Robin Wright makes her directorial debut in a tender and understated drama about a woman who isolates herself from the world after an unimaginable loss.
The pain of losing our loved ones is unimaginable. It’s overwhelming and often hard to overcome. Though healing is not impossible, there’s no timetable when it comes to processing this loss. It may take weeks or months or even years for people to finally be okay again and move forward. Robin Wright’s directorial debut, Land, understands this really well. The movie delves deep into the pain and the complicated feelings that people have to face when they’re dealing with the death of their loved ones. It’s an understated character study about grief and loss, and a moving celebration of human connection and resilience.
Working from a script penned by Jesse Chatham and Erin Dignam, the movie follows Edee (Wright), a woman determined to isolate herself from everyone in the wake of a devastating tragedy. When we first meet her, she’s already on her way to a remote cabin in Quincy, Wyoming. She wants to abandon everything, staying away from everyone who wants her to get better, but never allow her to process the deep sadness she’s been feeling for a while. Before arriving at the cabin, she ditches her phone and even calls a local to get rid of her rental car, leaving herself with only a bunch of canned foods and a box of her most personal possessions. But Edee is not cut out for this kind of living, so the plan she’s made seems foolhardy.
When the challenge of living in the wilderness proves to be much more than Edee can handle, she breaks down and is ready to give up. But then a kind man named Miguel (Demián Bichir) and a nurse, Alawa (Sarah Dawn Pledge), come to rescue and nurture her until she can get back on her own feet. Though Edee initially refuses to get more help from them, she agrees to let Miguel return to teach her all the basic survival skills, including how to hunt. Soon, the two forge a deep connection. Like Edee, Miguel has just gone through a devastating loss. And this shared pain allows them to heal each other, to find strength and solitude from one another.
Wright’s movie spends most of its runtime focusing on the connection between Edee and Miguel, and it’s at these moments where Land is at its most touching. The movie shows us how even when things are rough, even when we feel like we can’t move forward any more, there’s always someone who will help us find our strength again. Wright’s direction never relies on big, heartwrenching moments to make us feel the pain that her character is feeling. She keeps everything as understated as possible.
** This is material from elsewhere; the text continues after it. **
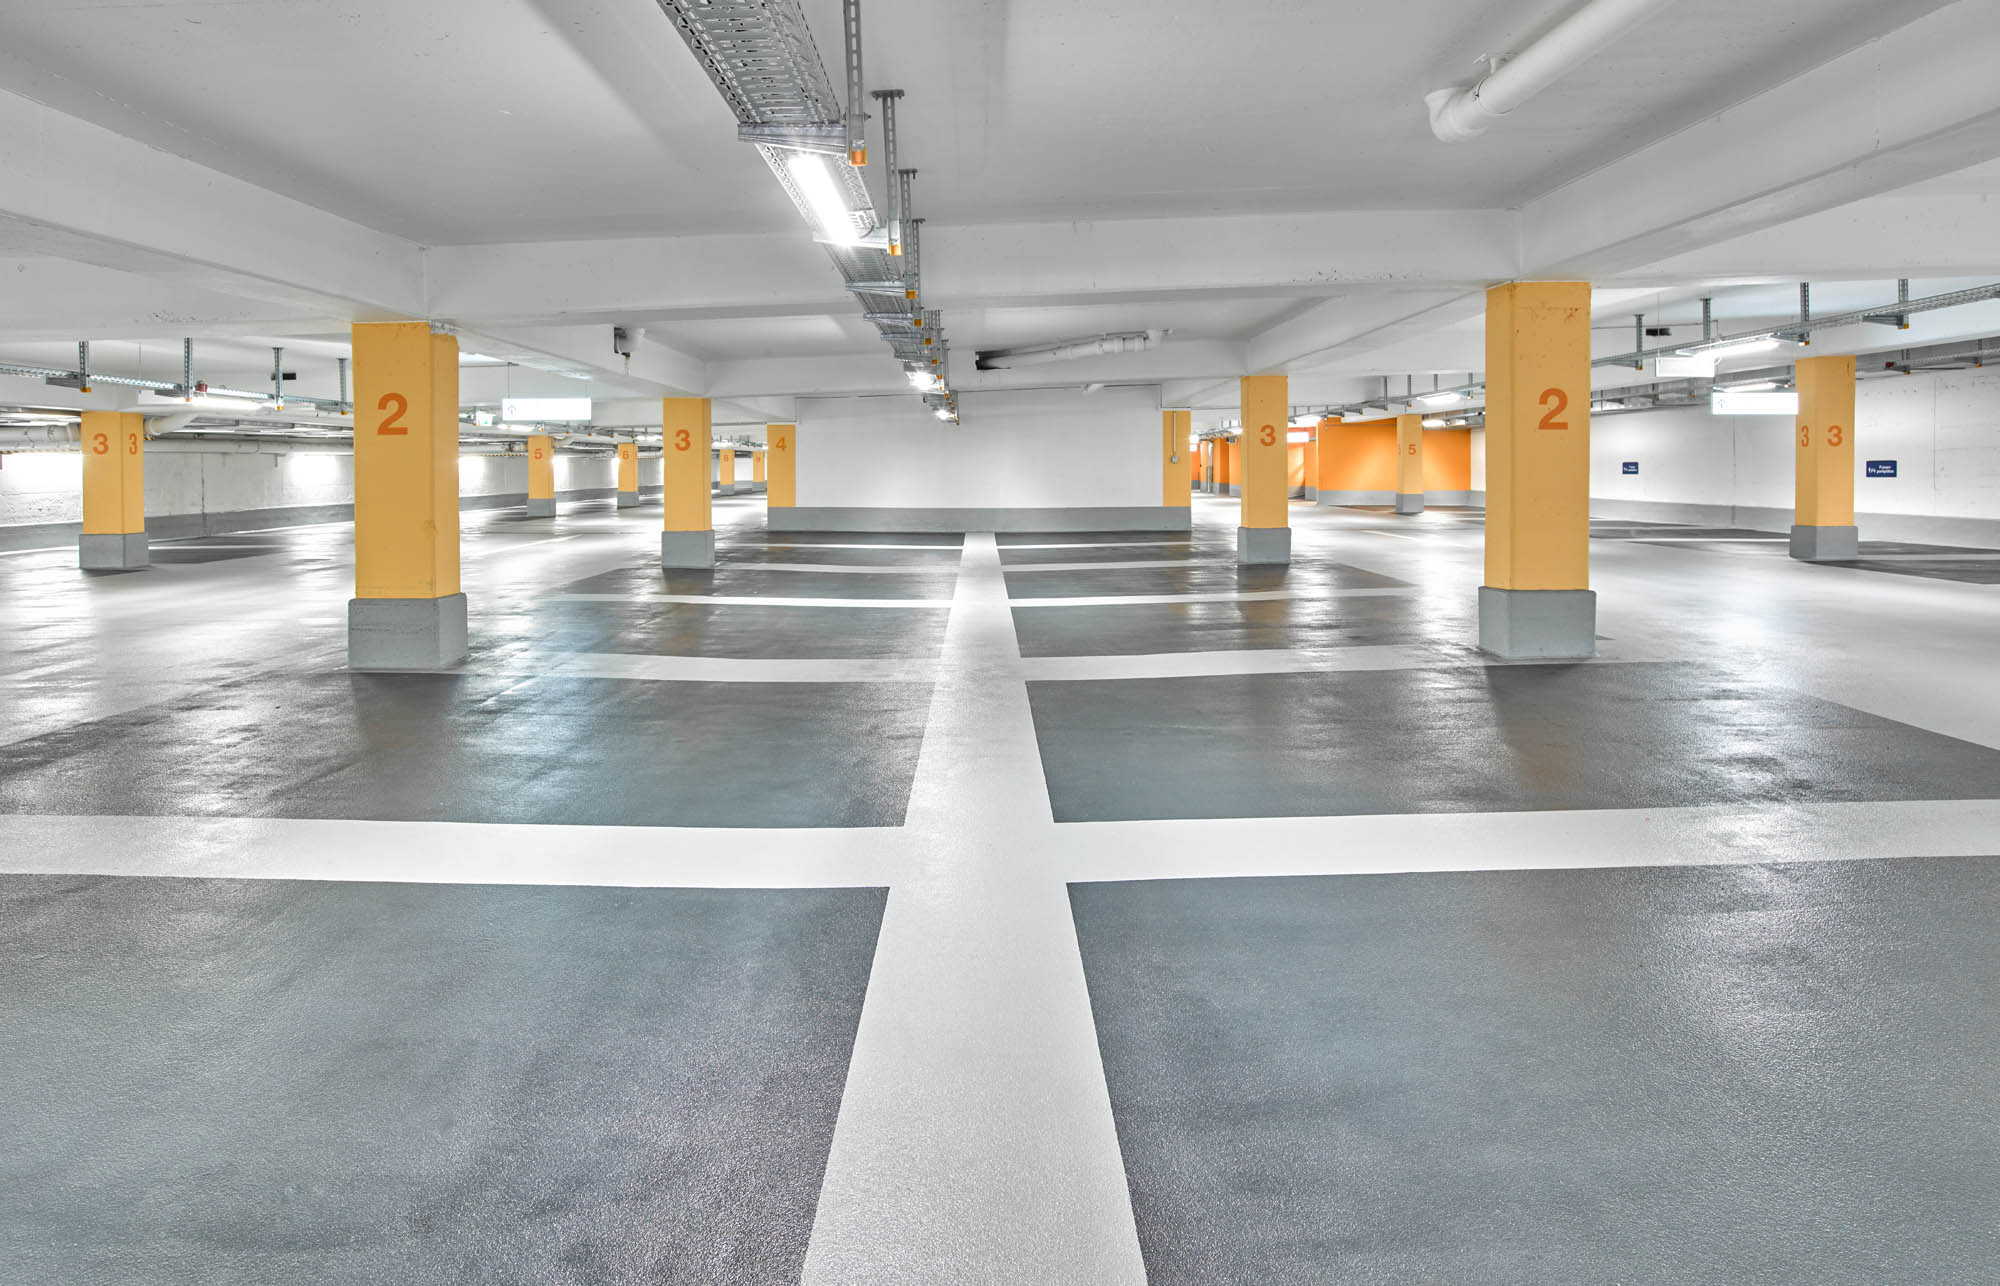 OPC 161218 10023 - Tiefgaragen Waiblingen und Heilbronn: Dokumentation erfolgreicher Sanierungen

But the quietness always fills the frame, providing every moment with tenderness and a certain level of realism.
Though Chatham and Dignam’s script doesn’t offer anything new when it comes to a depiction of grief, it doesn’t make Land any less affecting. What the movie lacks in the writing and originality, it makes up in the central performances of the two leads. Wright excels at displaying the internal grief Edee is dealing with in a subtle way. The movie requires a lot from her, and she delivers. Bichir is no less outstanding, giving warmth and hopefulness to the movie’s stillness. When the two share screen together, we fill the joy their characters are feeling. Bobby Bukowski’s breathtaking cinematography, along with the beautiful score from Ben Sollee, make Land all the more beautiful.
Wright’s directorial debut may not nail every aspect that it’s trying to accomplish. Its portrayal of grief and its healing process, in particular, isn’t one we haven’t seen before. But Wright’s confident direction and layered performance are enough to make Land hits the right emotional notes. It’s a solid debut overall.